Project description
3D-printed synthetic tissues will be remotely controlled to modulate cellular functions
Different cell types work together to form tissues with specific roles in the body. When tissues are damaged due to trauma, disease and other factors, critical functions of the body may be lost. Synthetic tissues prepared in the lab ready to function in the body would have advantages over cellular implants that must be induced to form functioning networks once in situ. The EU-funded SYNTISU project is building on their technique to create synthetic tissues from 3D printed picolitre droplet networks. The next step is to enable control via light, heat and magnetic fields to change their shapes and manipulate their metabolic functions including ATP generation and protein expression.
Objective
We will make synthetic tissues for applications in medicine.

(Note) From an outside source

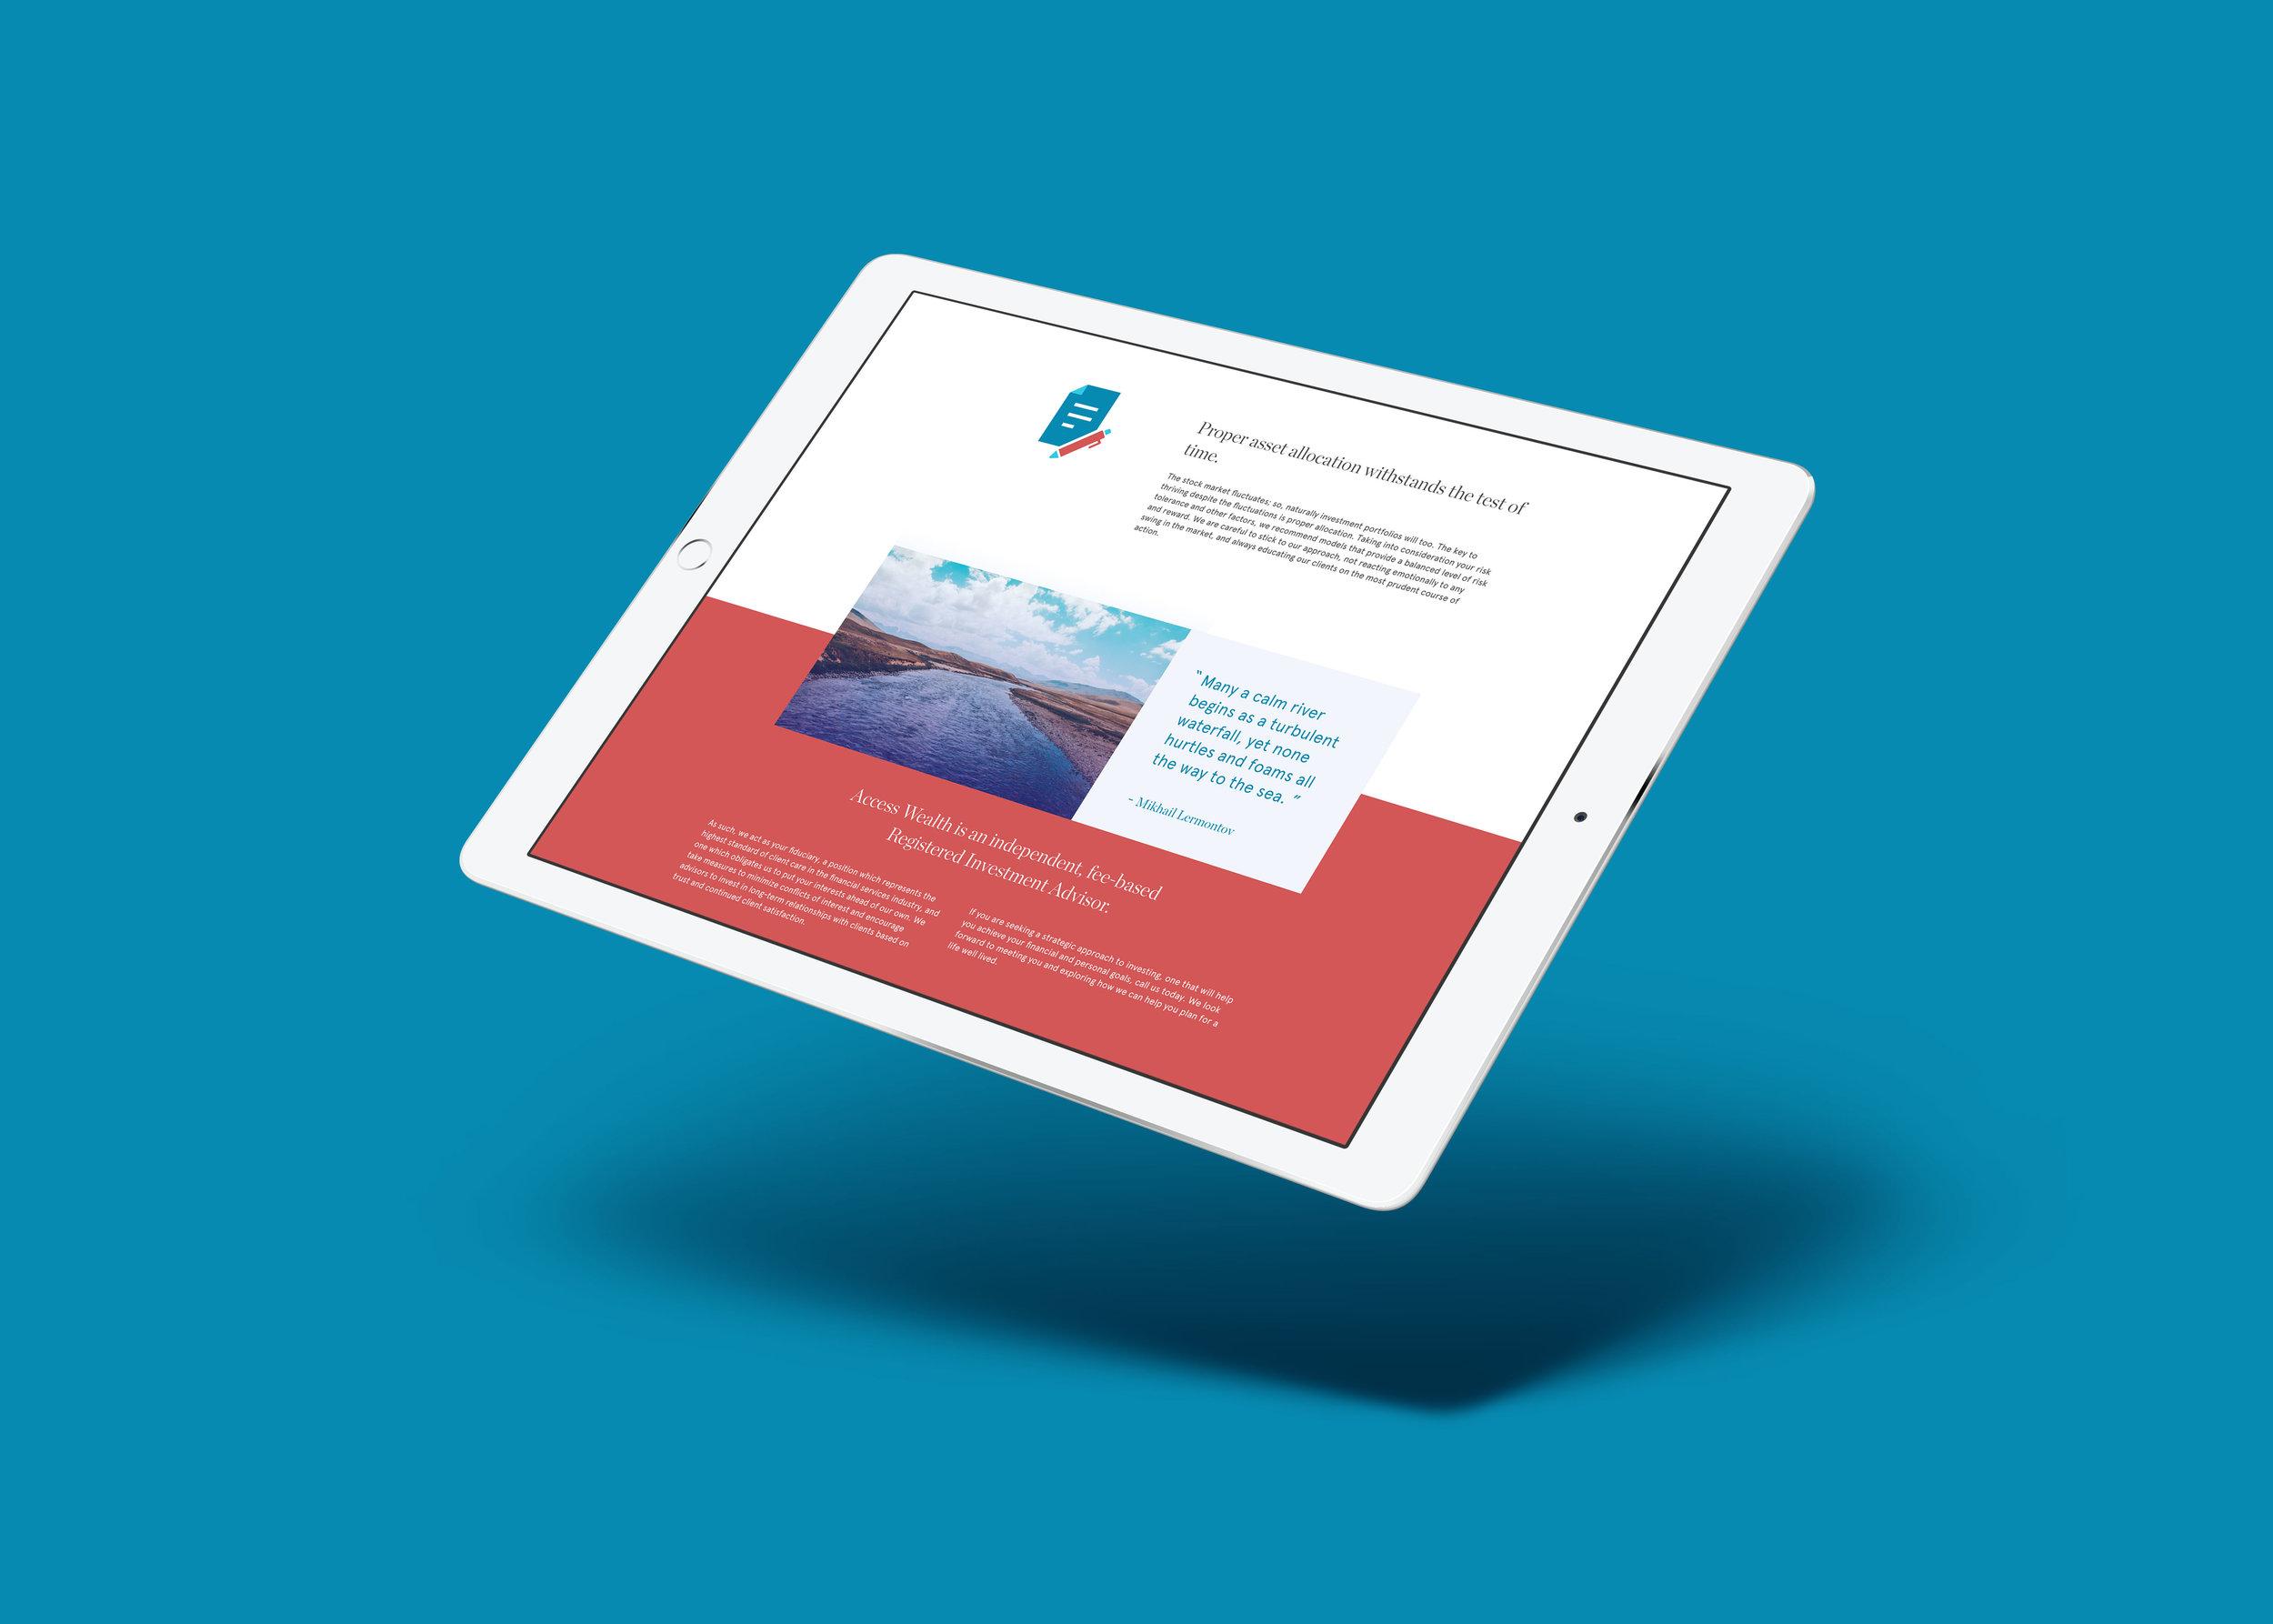 James-Rivas_Access-Wealth_Website_tablet.jpg
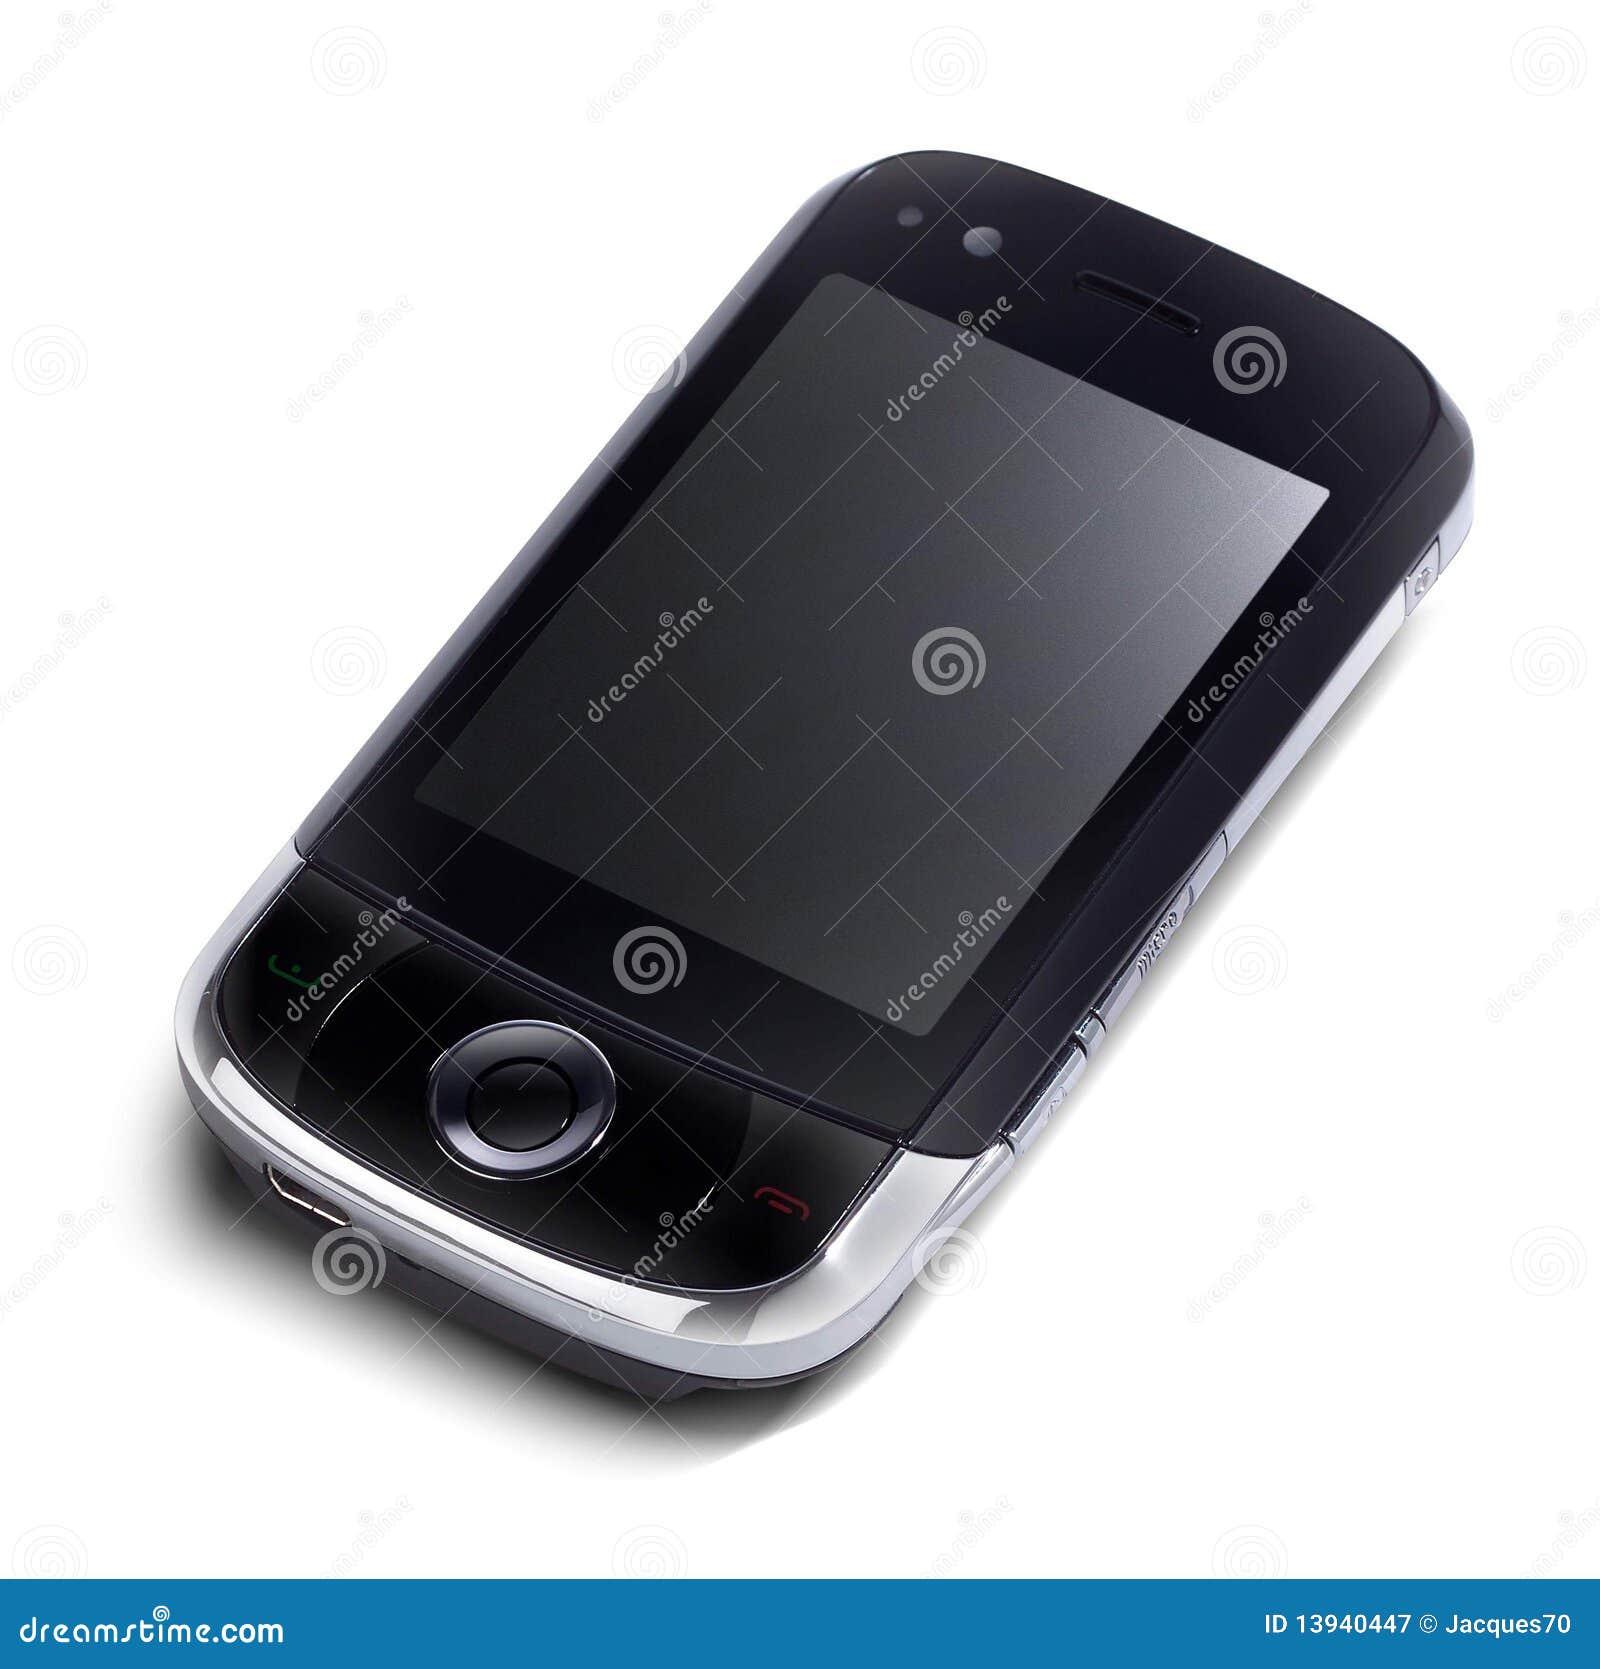 Mobile phone - Portable phone

In the short-term, synthetic tissues will be used to deliver therapeutics; ultimately, synthetic tissues will be used as components of surgical implants. The synthetic tissues will be formed from patterned 3D-printed picoliter droplet networks. They will be functionally active and subject to external control. They will be safe, because they cannot replicate. Key aspects of synthetic tissues, which were introduced by our laboratory, remain unexplored. At this point, our initial work justifies an adventurous full research program. The capabilities of biological tissues greatly exceed those of individual cells, because the cells in them cooperate to produce emergent properties. Our approach considers, but does not strictly mimic nature. 3D printers make patterned networks of picoliter droplets, separated from each other by individual lipid bilayers, which can be functionalized with membrane proteins to allow internal and external communication. In early work, we showed that droplet networks can change shape and transmit electrical signals. Now, we will greatly extend the properties of these materials. We will produce synthetic tissues with excellent fidelity, at high resolution, with faithful patterning and of superior strength and stability. Hierarchical cm-scale structures will be assembled from mm-scale networks. We will make functional tissues able to change shape rapidly and reversibly, take up, transform and release molecules, and generate and use energy. Functional synthetic tissues will be controlled remotely with light, heat, and magnetism. Outputs will include ATP generation and protein expression. Finally, we will explore two illustrative applications of synthetic tissues: the controlled synthesis and release of therapeutic peptides, and the ability to modulate the activities of neurons and muscle cells. Discoveries derived from this ERC grant will be commercialized with investor funding.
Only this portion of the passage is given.